Fisherman! That was a hell of a change of pace. I suppose it worked on the same principle that the best recruiting ground for the US Navy is Kansas. I said, 'You're a long way from the sea now.'

'Yeah, but I can take you to a place in the Tenere near Bilma – that's down in Niger and over a thousand miles from the nearest ocean – where you can pick up sea-shells from the ground in hundreds. Some of them are real pretty. The sea's been here and gone away. Maybe it'll come back some day.'

'Ever been back to the States?'

'No; I've been here thirty-five years and like to die here,' he said peacefully.

Mokhtar was away a long time, nearly five hours, and when he came back he had the gutted carcass of a gazelle slung across his shoulders. Byrne helped him butcher it, talking the while.

Presently he came over to me and squinted into the sun. 'Getting late,' he said. 'I reckon we'll stay here the night. Billson is either between here and Assekrem or he ain't. If he is, we'll find him tomorrow. If he ain't, a few hours won't make no difference.'

'All right.'

'And we've got fresh meat. Mokhtar tells me he stalked that gazelle for twenty kilometres and downed it in one shot.'

'You mean he walked twenty kilometres!'

'More. He had to come back. But he circled a bit, so say under thirty. That's nothing for a Targui. Anyway, Mokhtar's one of the old school; he learned to shoot with a muzzle-loader. With one of those you have to kill with one shot because the gazelle spooks and gets clear away before you can reload. But he likes a breech-action repeater better.'

And so we stayed u nder the shadow of Ilamen that night. I lay in the open, wrapped in a djellaba provided by Byrne, and looked up at those fantastic stars. A sickle moon arose but did little to dim the splendour of those faraway lights.

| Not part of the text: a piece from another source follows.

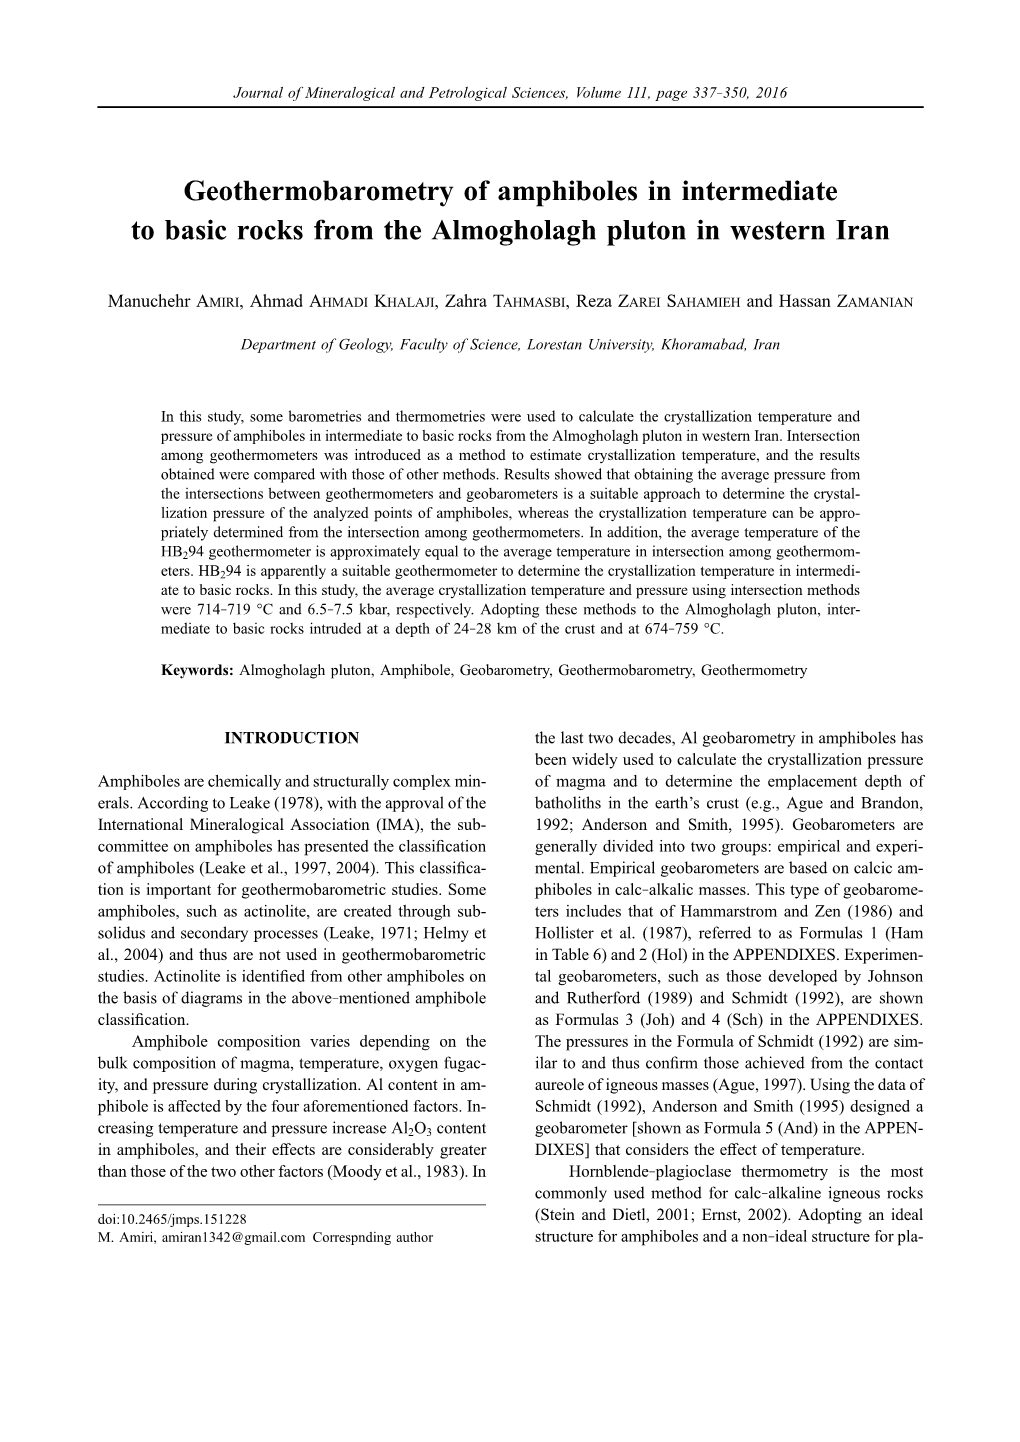 Geothermobarometry of Amphiboles in Intermediate to Basic Rocks from the Almogholagh Pluton in Western Iran

I thought of Byrne. Hesther Raulier had compared him with Billson, calling him, 'another crazy man'. But the madness of Byrne was quite different from the neurotic obsession of Billson; his was the madness that had struck many white men – not many Americans, mostly Europeans – Doughty, Burton, Lawrence, Thesiger – the lure of the desert. There was a peacefulness and a sanity about Byrne's manner which was very comforting.